Colleges educate. Corporations train. Never the twain shall meet. This is how we manage our corporate investments in training and development. It’s a simple formula, but one fraught with pitfalls in the 21st century global economy.
This basic belief drives behavior in colleges and corporations. Corporate leaders expect the college graduates they hire to come fully equipped with the problem-solving skills the company needs: critical thinking, communication, writing, collaboration and innovation. Surveys of senior corporate leaders clearly define what is expected. This same list also defines complaints from corporate leaders about what colleges are doing wrong.
The current talent strategy is to recruit from the best colleges to increase the likelihood that new hires possess desired capabilities. The doors of these elite colleges are jammed with corporate recruiters, all seeking the same graduates.
Once hired, these highly recruited college graduates are placed in work situations where they are expected to grow, and this is not an unreasonable expectation. The U.S. Department of Labor estimates about 70 percent of learning during a lifetime is the result of experience, not formal training. The current fad is to label this informal learning. Exuberance over this discovery is palpable. Learning through experience has always been a mission in corporations. What is new is the title.
In education the learner learns in a space without rigid boundaries. The learner is encouraged to be creative and exploratory in his or her thinking — to think outside of the box. Once that person is an employee, the strategy is to allow the wonders of informal learning to take place. For specific skills the corporation invests in training.
Before you jump on this generalization with your counter-argument that some professors are narrow-minded control freaks, let me assure you I agree. I had some classes that were mind-numbingly boring. These types of professors often relish in the dogma they pontificate. The good ones challenge their students to grow and expand their horizons. We are exploring the ideal college experience here.

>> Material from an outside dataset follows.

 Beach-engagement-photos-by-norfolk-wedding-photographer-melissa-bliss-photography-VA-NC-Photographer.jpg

The last thing we want in training is free thinking and creativity. The essence of training is to learn how to do a specific task. With training, the intellectual creativity and innovation has been done by a third-party vendor, not by the learner. The biggest occurrence of this in our organizations is the deployment of software solutions. The essence of software is that it is a rich, structured foundation of logical, left brain-derived decision rules that accomplish complex, logical operations that produce a useful result.

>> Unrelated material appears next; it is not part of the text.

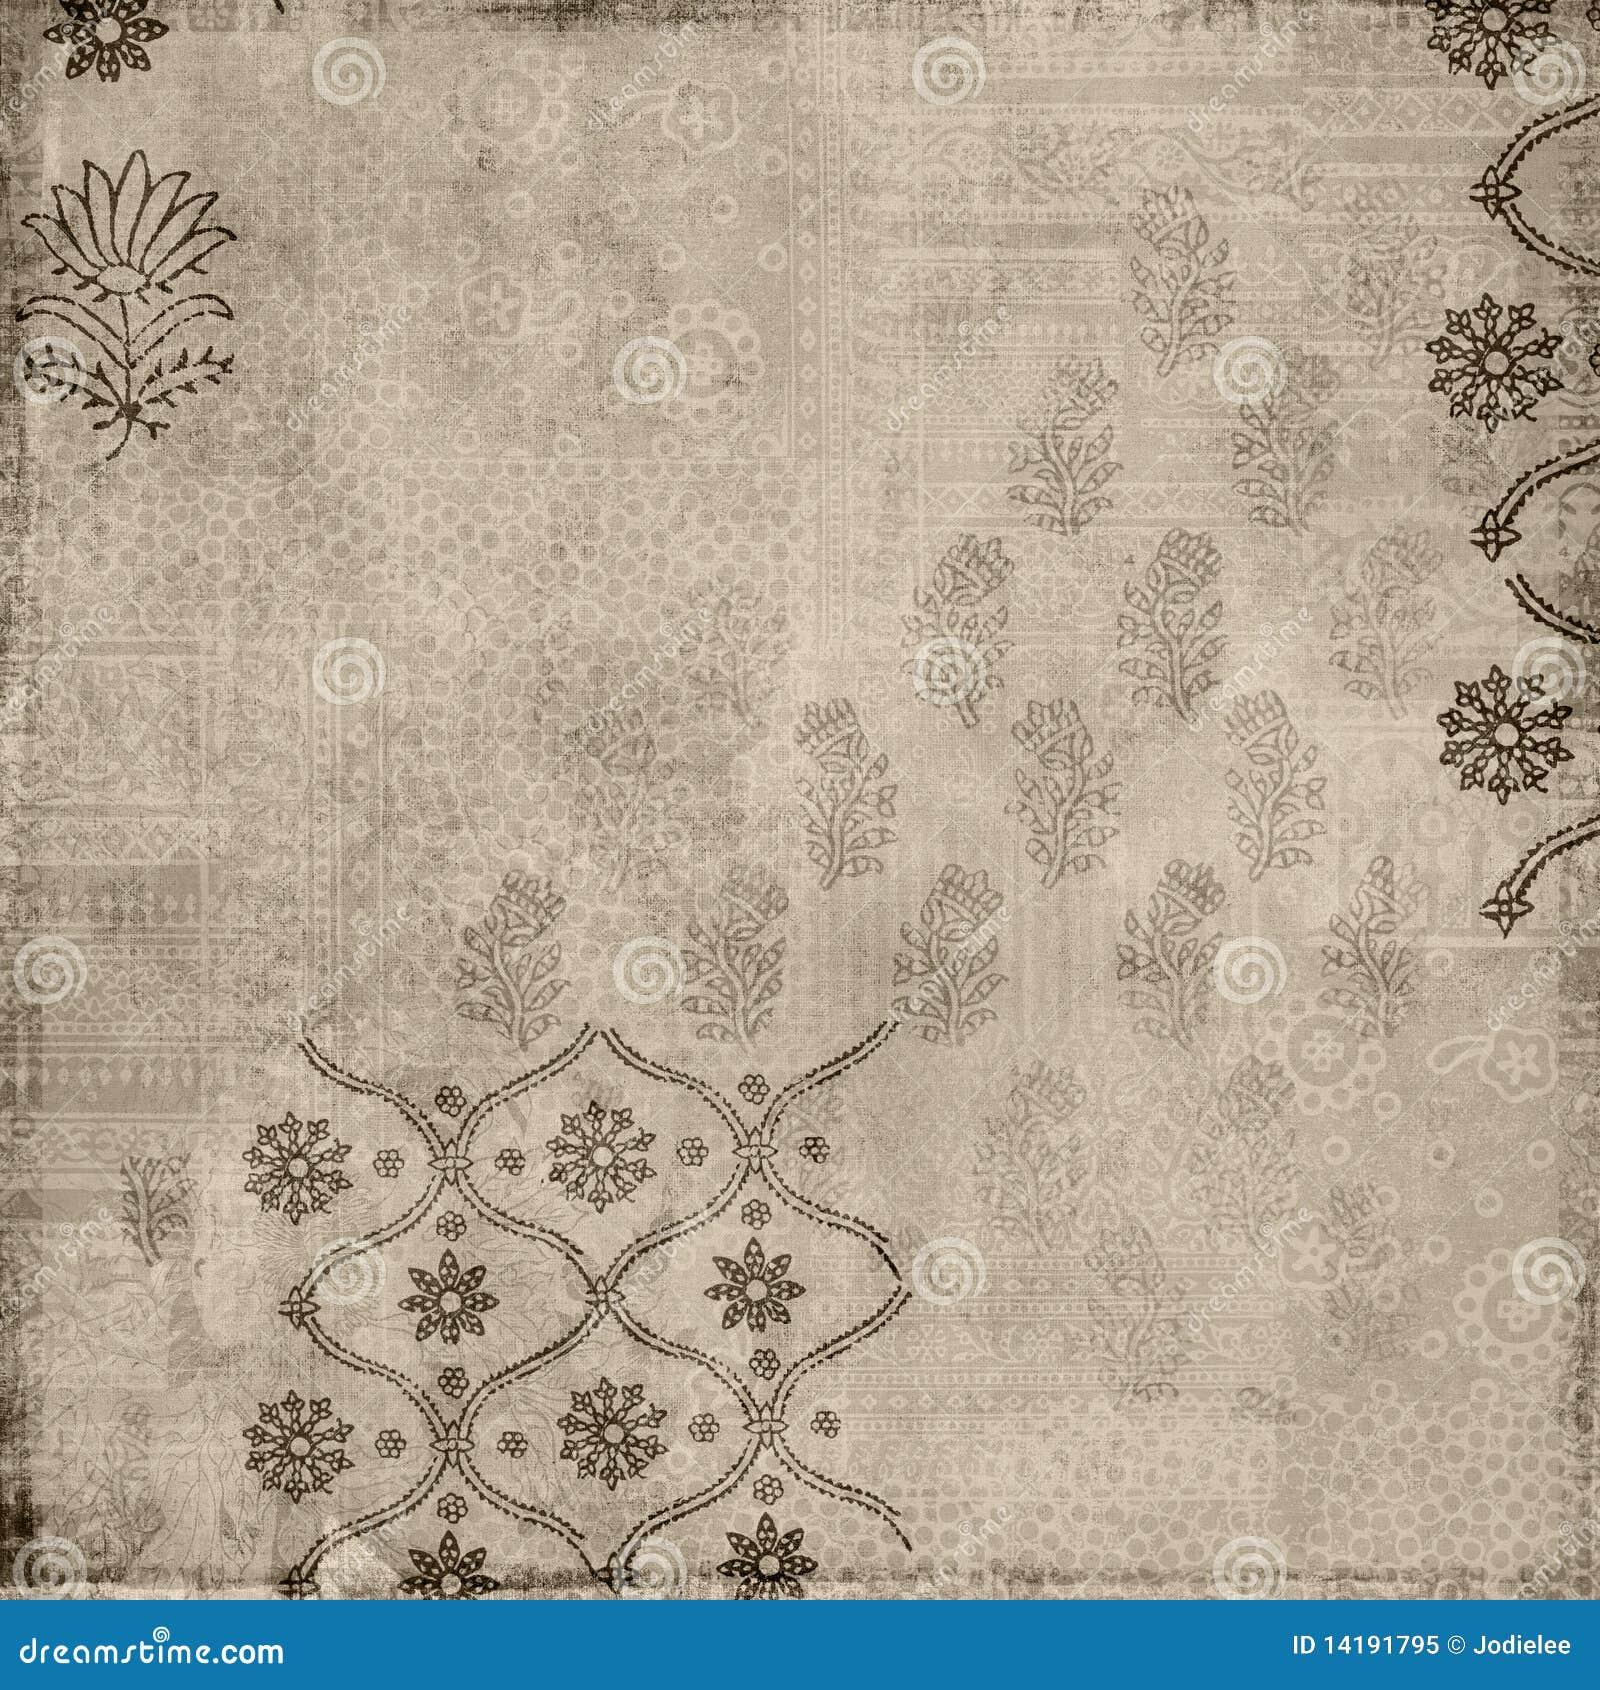 Brown Floral Vintage Style Batik Stamp Background Royalty

In the case of software, the developer is the one who has done the creative, innovative work, not the trainee. Again, this is a generalization. Increasingly the power of software solutions is their ability to address the need to tap the user’s creativity and experience. Excel spreadsheets have complexity and flexibility beyond comprehension. However, in the end, the decisions the learner needs to make are constrained by the software’s logical constructs and decision rules.
This brings to the fore some key distinctions between education and training. Simply put, good education challenges the learner to explore all options, to be creative and innovative, to learn without boundaries. Good training helps the learner learn how to understand the rules and makeup of an externally developed structure. In software, the decision rules, creativity and critical thinking are captured in a rigid form. Learners are trained to apply that intellectual capacity to their particular problem or decision.
Good education helps learners learn how to push the boundaries, reconfigure the intellectual architecture of a problem and think critically.
To serve learning leaders’ goal to develop greater innovation and critical thinking, more of what occurs in education needs to take place after the employee has been hired. This means the corporation requires greater investment in employee development, what we historically have labeled as education.